EXCERPTED RECORDS:
◇ ◇ ◇ ◇ ◇ ◇ ◇
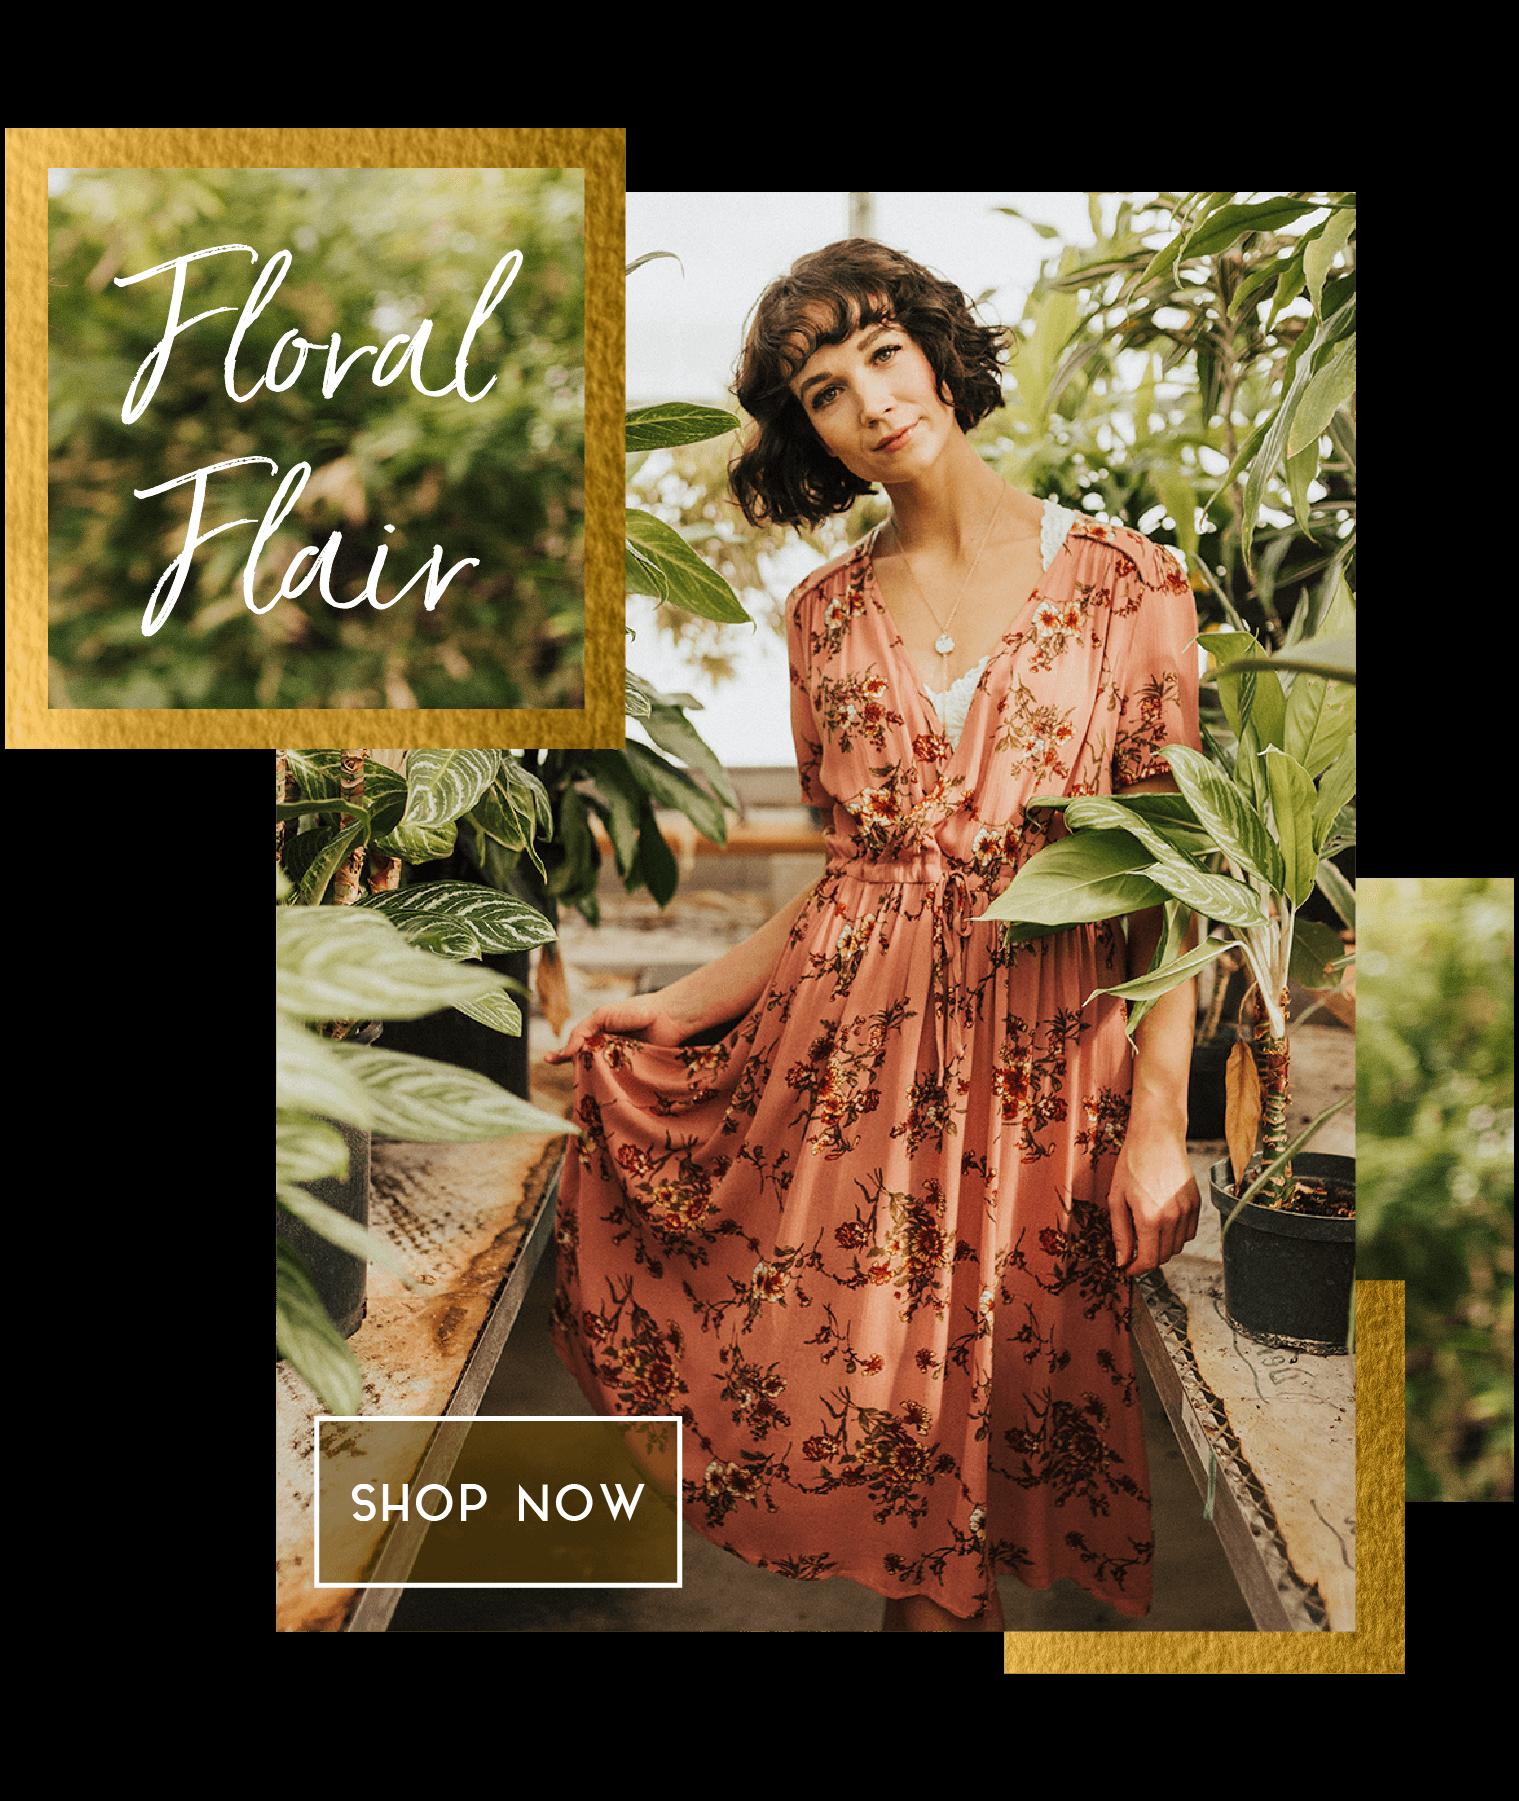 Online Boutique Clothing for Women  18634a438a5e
◇ ◇ ◇ ◇ ◇ ◇ ◇
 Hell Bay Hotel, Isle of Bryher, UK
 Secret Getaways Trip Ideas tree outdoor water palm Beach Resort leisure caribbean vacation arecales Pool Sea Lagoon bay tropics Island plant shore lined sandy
◇ ◇ ◇ ◇ ◇ ◇ ◇
WORK TO BE COMPLETED:
Beginning at the line with "Hell Bay Hotel, Isle of Bryher, UK" and stopping after the line with "Secret Getaways Trip", please write out every line of the data above exactly and nothing else.

OUTPUT OF THE EXERCISE:
 Hell Bay Hotel, Isle of Bryher, UK
 Secret Getaways Trip Ideas tree outdoor water palm Beach Resort leisure caribbean vacation arecales Pool Sea Lagoon bay tropics Island plant shore lined sandy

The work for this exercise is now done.